ABOUT THIS TASK: Where the line holding "C5 Kraft Envelope - 10 units" appears, start copying, and continue exactly through the last line of the listing, skipping pictures.
───── AVAILABLE DATA
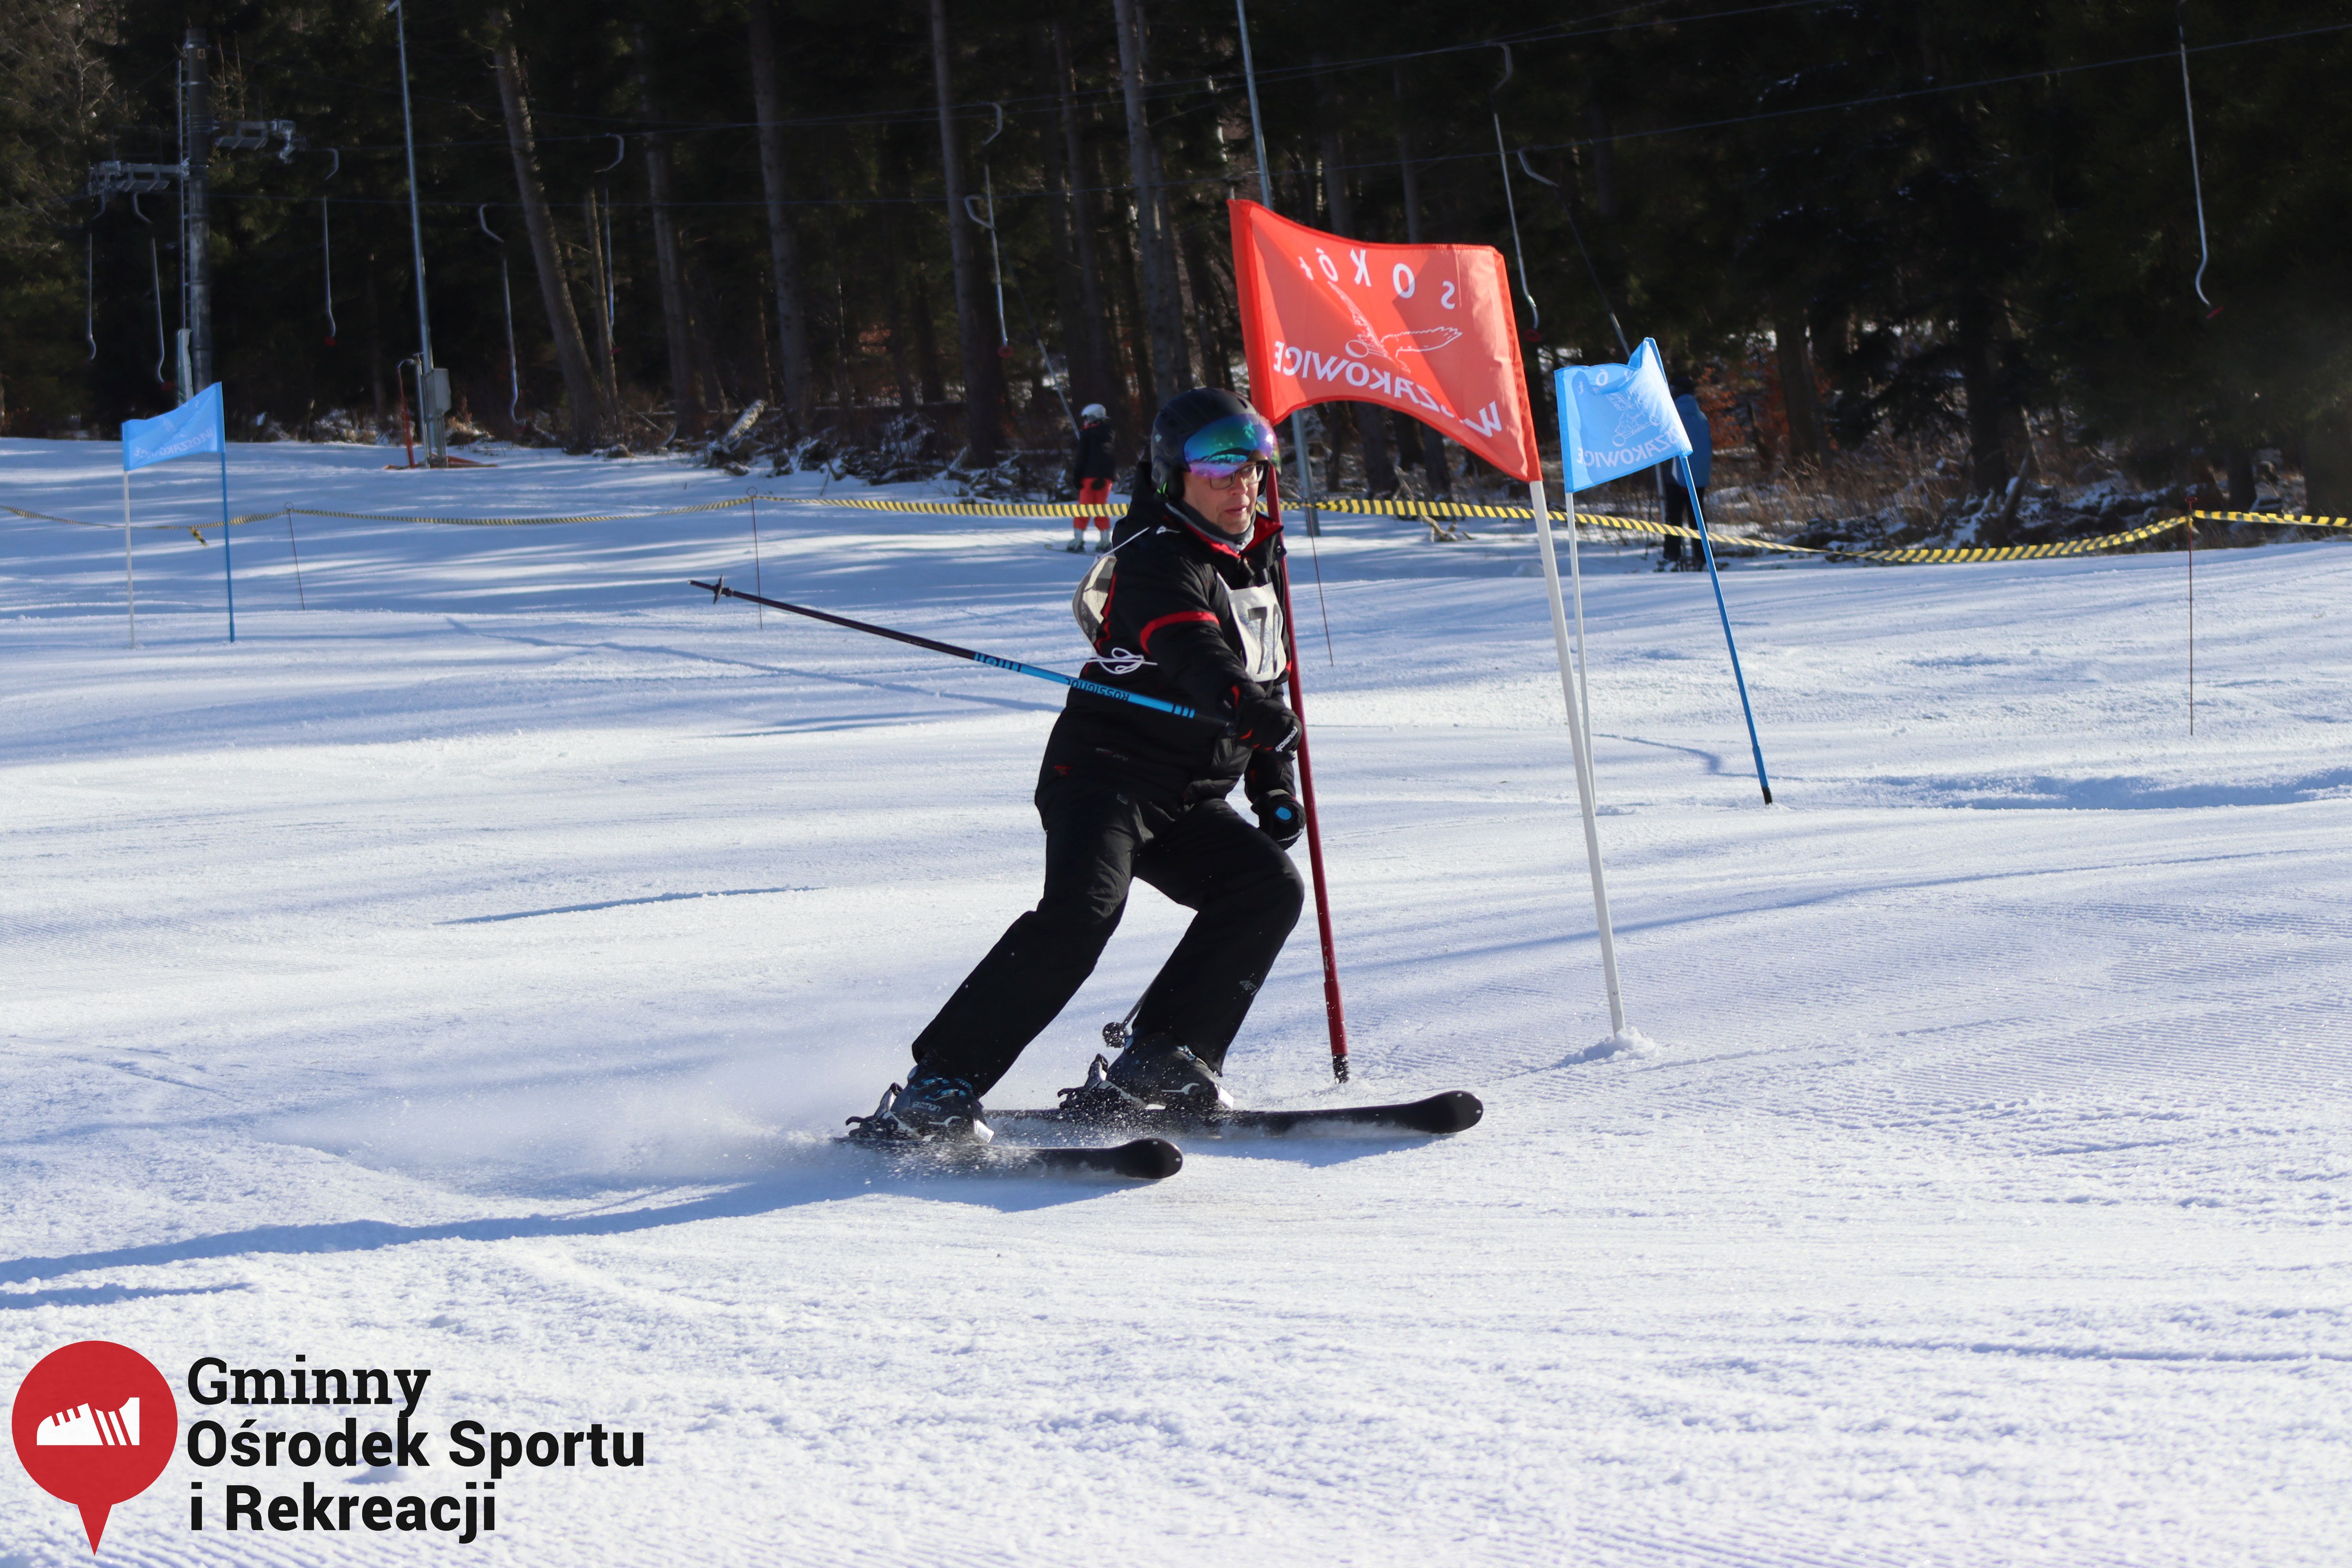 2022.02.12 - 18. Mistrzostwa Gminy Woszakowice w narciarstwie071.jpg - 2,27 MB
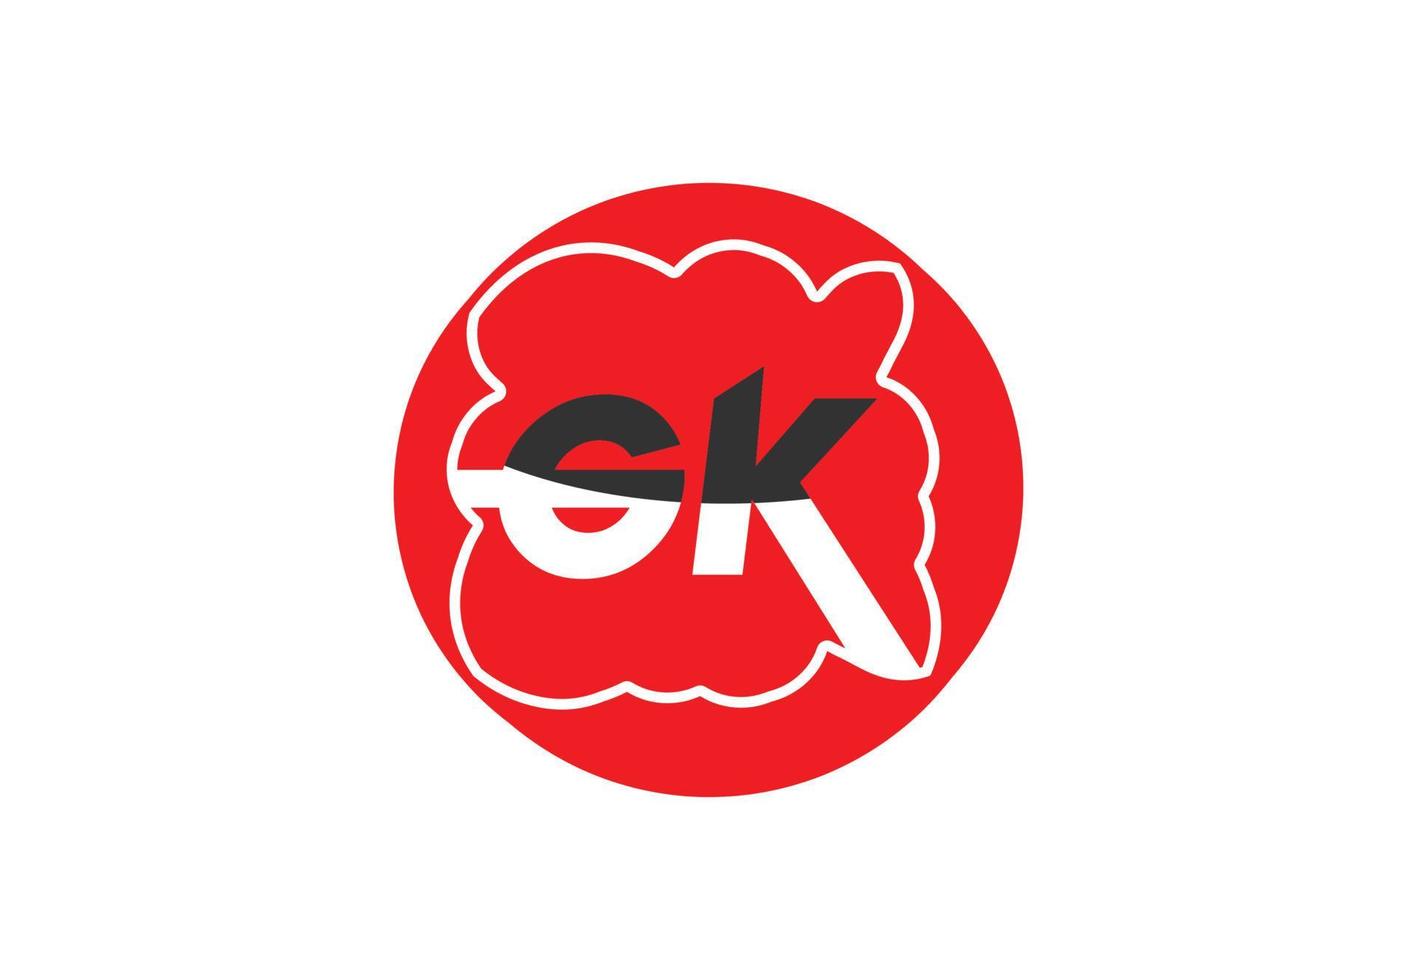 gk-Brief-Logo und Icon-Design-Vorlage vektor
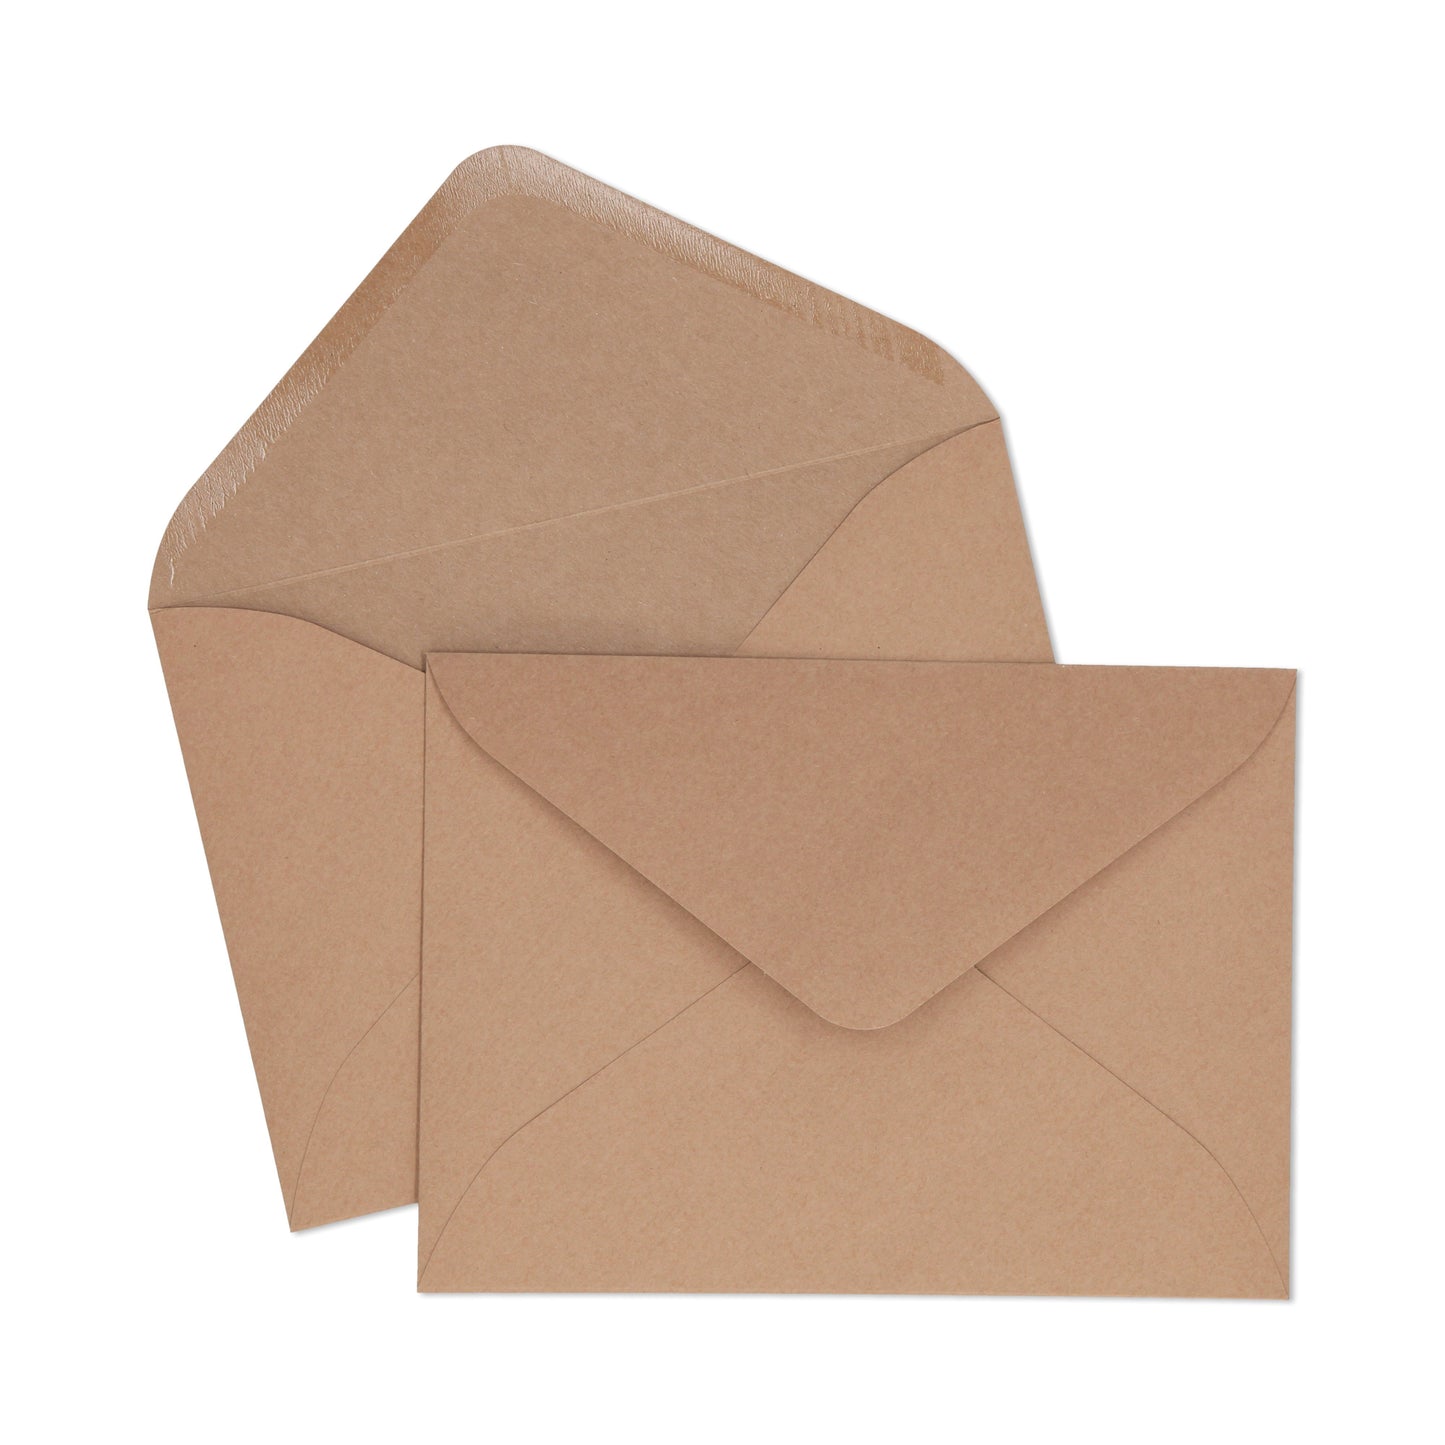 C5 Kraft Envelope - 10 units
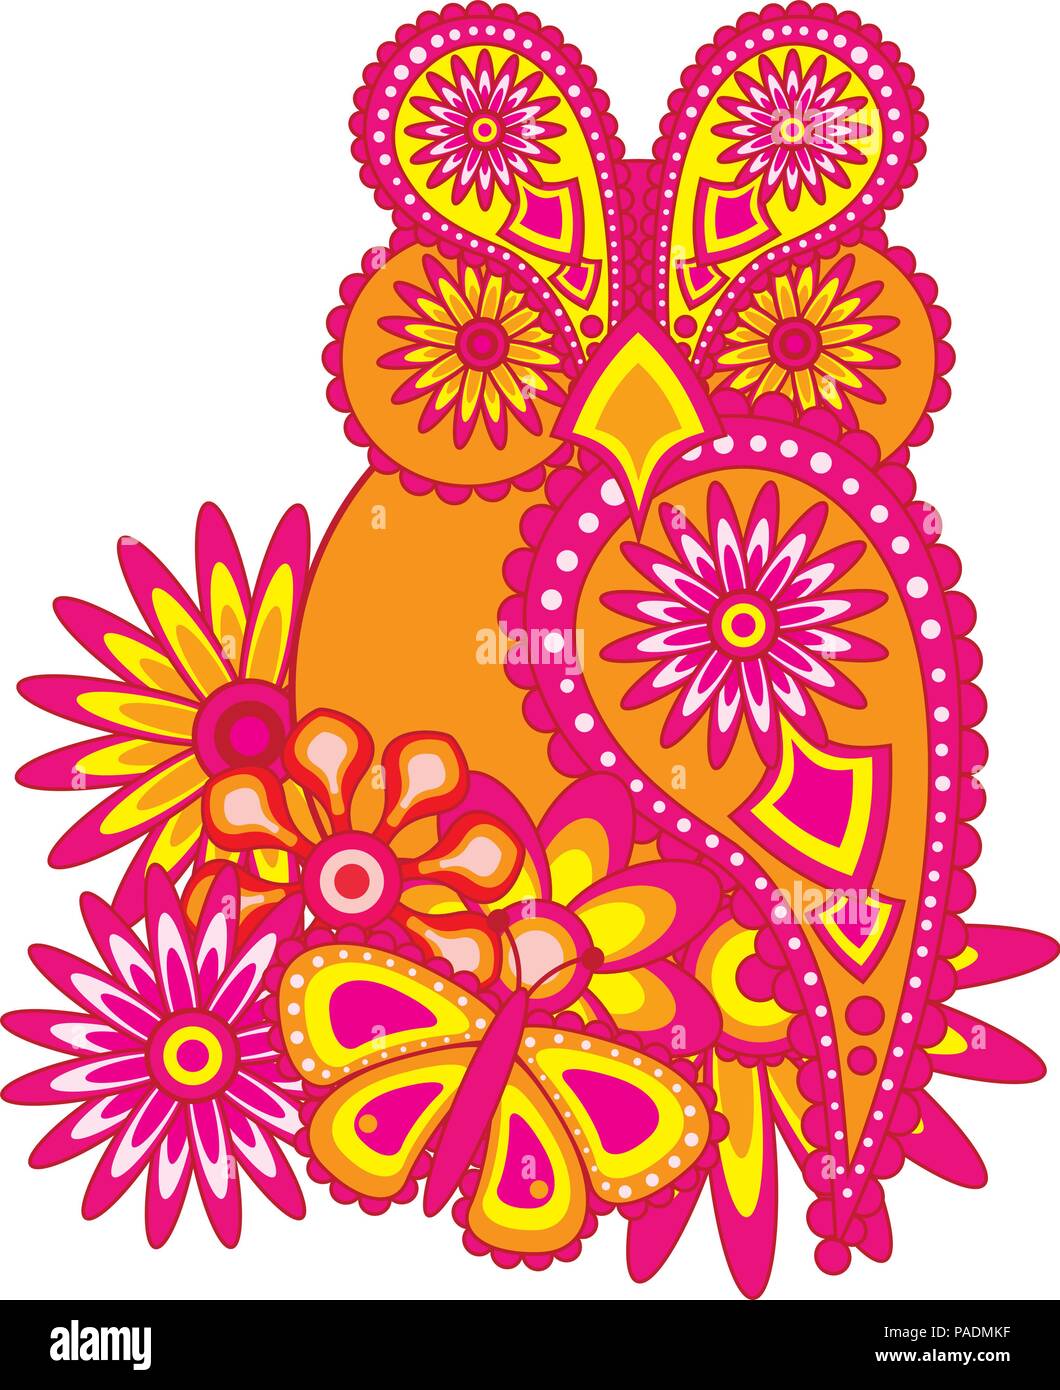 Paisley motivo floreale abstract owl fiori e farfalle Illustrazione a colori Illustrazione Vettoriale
──────────
WRITTEN REPLY:
 C5 Kraft Envelope - 10 units
 Paisley motivo floreale abstract owl fiori e farfalle Illustrazione a colori Illustrazione Vettoriale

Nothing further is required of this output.